I can confirm the S/X have the same functionality. I doubt we'll see Apple Music through the interface on the 3, but I still don't find it to be an issue at all how I'm currently utilizing it.


----------



## GDN (Oct 30, 2017)

Back to the OP, I assume that the car must have access to Gracenotes or similar database. I've read posts and seen a video or two where people say they just pull songs out of their iTunes library and load to a USB stick. But they've noted as well when playing they get album art etc. Gracenotes could even be loaded locally, but doubtful with the LTE connectivity and your observation of no artwork with no LTE.


----------



## mdmiller9 (Apr 14, 2018)

Is anyone having issues with connectivity for Slacker and TuneIn? During our inaugural drive the music was disrupted several times for a few seconds and at one point for about ten minutes (the only annoyance we experienced). Is this signal fed to the car by cell service or satellite? Seems that cell service could be disrupted in many locations while driving.


----------



## MelindaV (Apr 2, 2016)

mdmiller9 said:


> Is this signal fed to the car by cell service or satellite? Seems that cell service could be disrupted in many locations while driving.


it is cellular (ATT)


----------



## SoFlaModel3 (Apr 15, 2017)

MelindaV said:


> it is cellular (ATT)


It's AT&T and I hit a dead zone on my daily commute (99% of my music is streamed from my phone though).


----------



## mdmiller9 (Apr 14, 2018)

Our phones are also AT&T (with horrible data service in our market), so we have the same dead spots - unless you are streaming that has already been downloaded to your phone.


----------



## SoFlaModel3 (Apr 15, 2017)

mdmiller9 said:


> Our phones are also AT&T (with horrible data service in our market), so we have the same dead spots - unless you are streaming that has already been downloaded to your phone.

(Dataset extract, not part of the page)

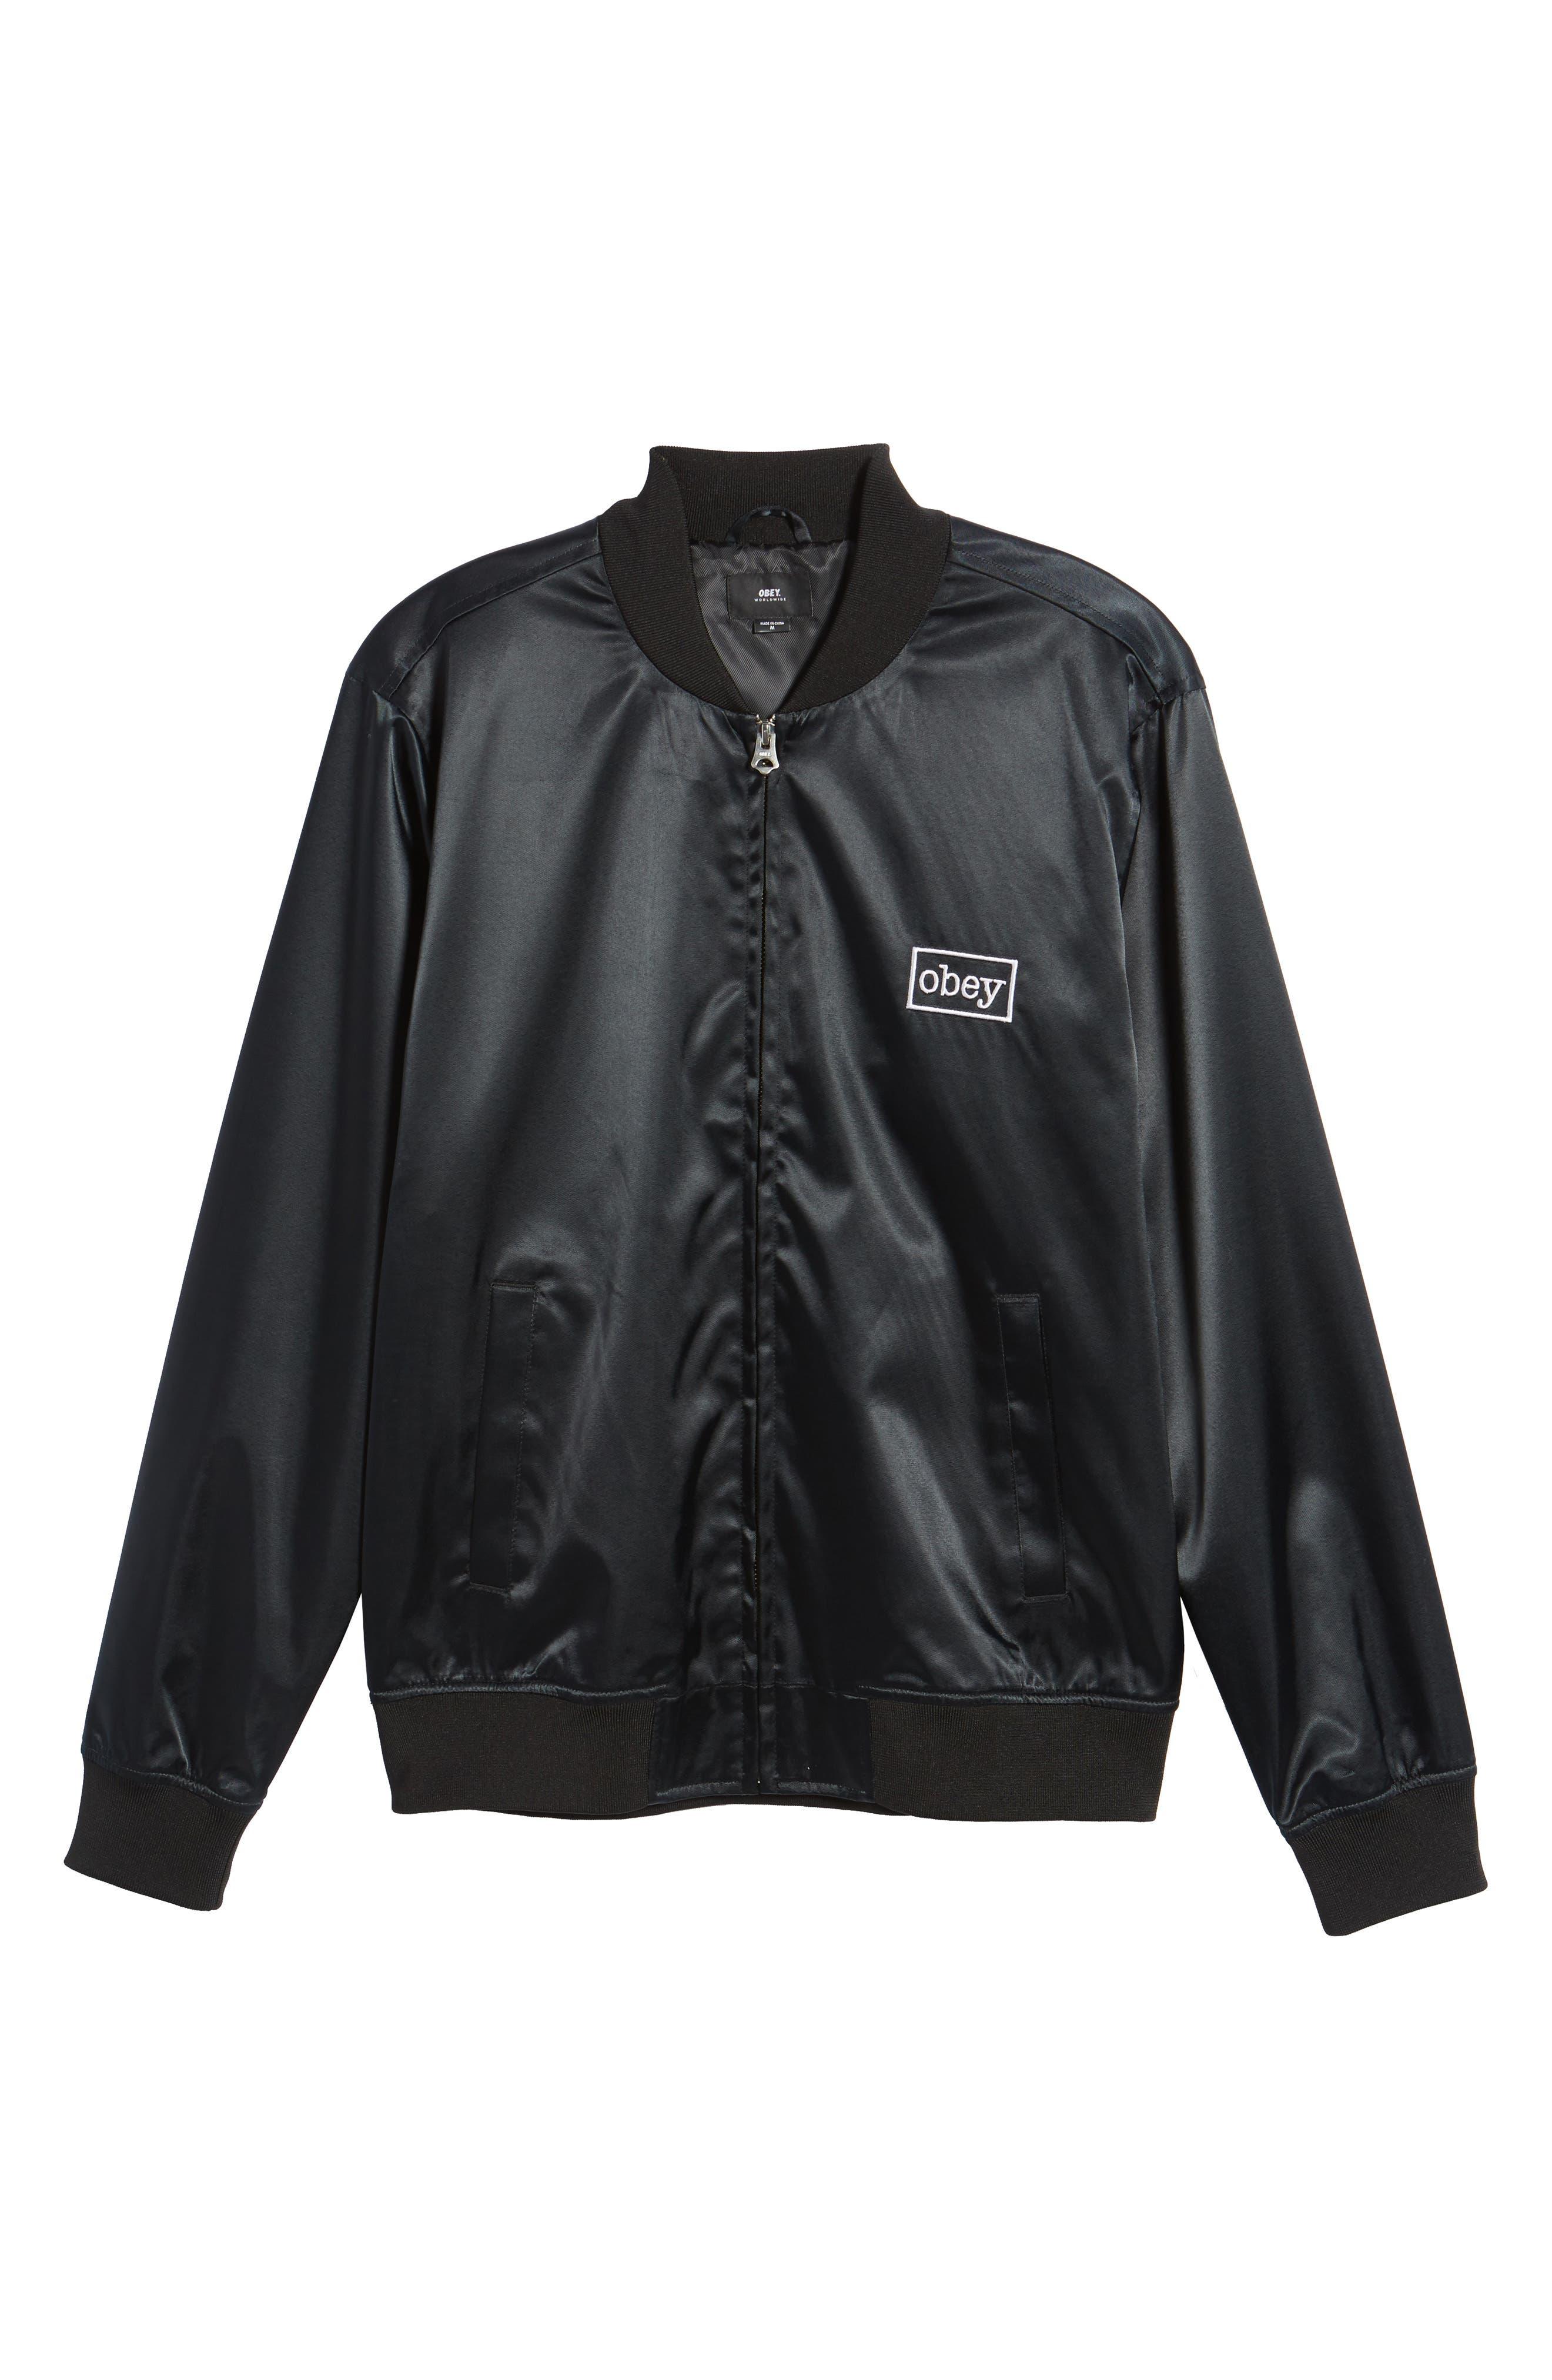 Band Bomber Jacket,                             Alternate thumbnail 6, color,                             Black
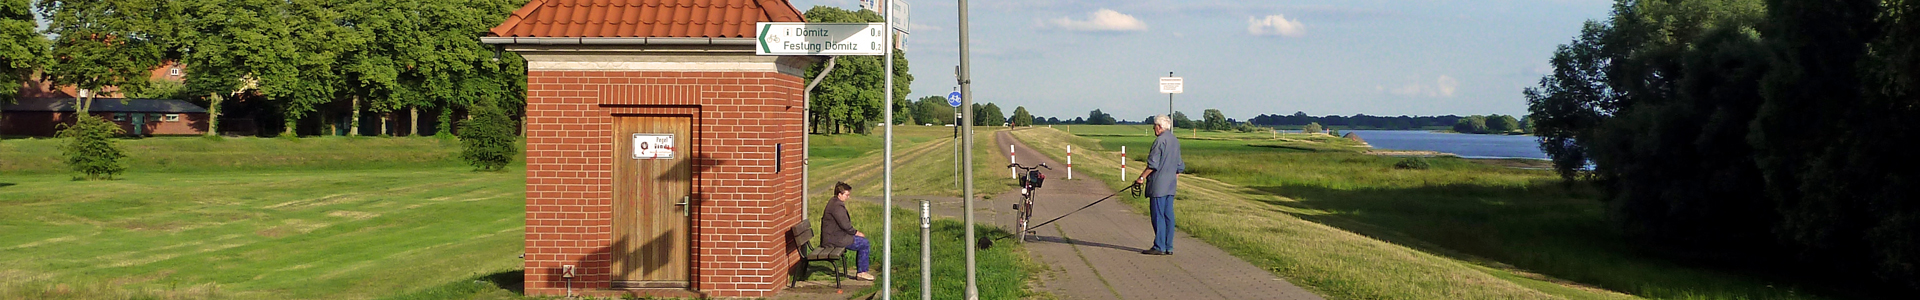 Elberadweg in Dömitz - Foto: Jörg Reichel

That's exactly what I do -- my favorite playlists from Apple Music are downloaded to my phone so I never have quality issues or interruptions in playback.


----------



## Chris350 (Aug 8, 2017)

Can one use their TuneIn Pro account with the model 3?

If so, how does it differ from the mobile app?


----------



## John (Apr 16, 2016)

Until you mentioned it, I didn't realize it was possible.
I'll need to research what you get from a subscription. 
Live sports and ad-free listening, maybe?
What the heck, I'll sign up now.


----------



## John (Apr 16, 2016)

Wow, the sports stuff is awesome. Goes from not much to this:


----------



## Chris350 (Aug 8, 2017)

Chris350 said:


> Can one use their TuneIn Pro account with the model 3?
> 
> If so, how does it differ from the mobile app?


The 1st paid tier of TuneIn plays nice and is pretty much the same as the app with the exception of layout.

Now, for some reason, if you have the premier premium account, it will not give you access to those channels which are considered premium.

I have the premium account, but certain podcasts (which are premium casts) do not show up in my M3. I can access them from the phone app or the online account... But no go on the M3 for some reason.. unless I'm missing something.


----------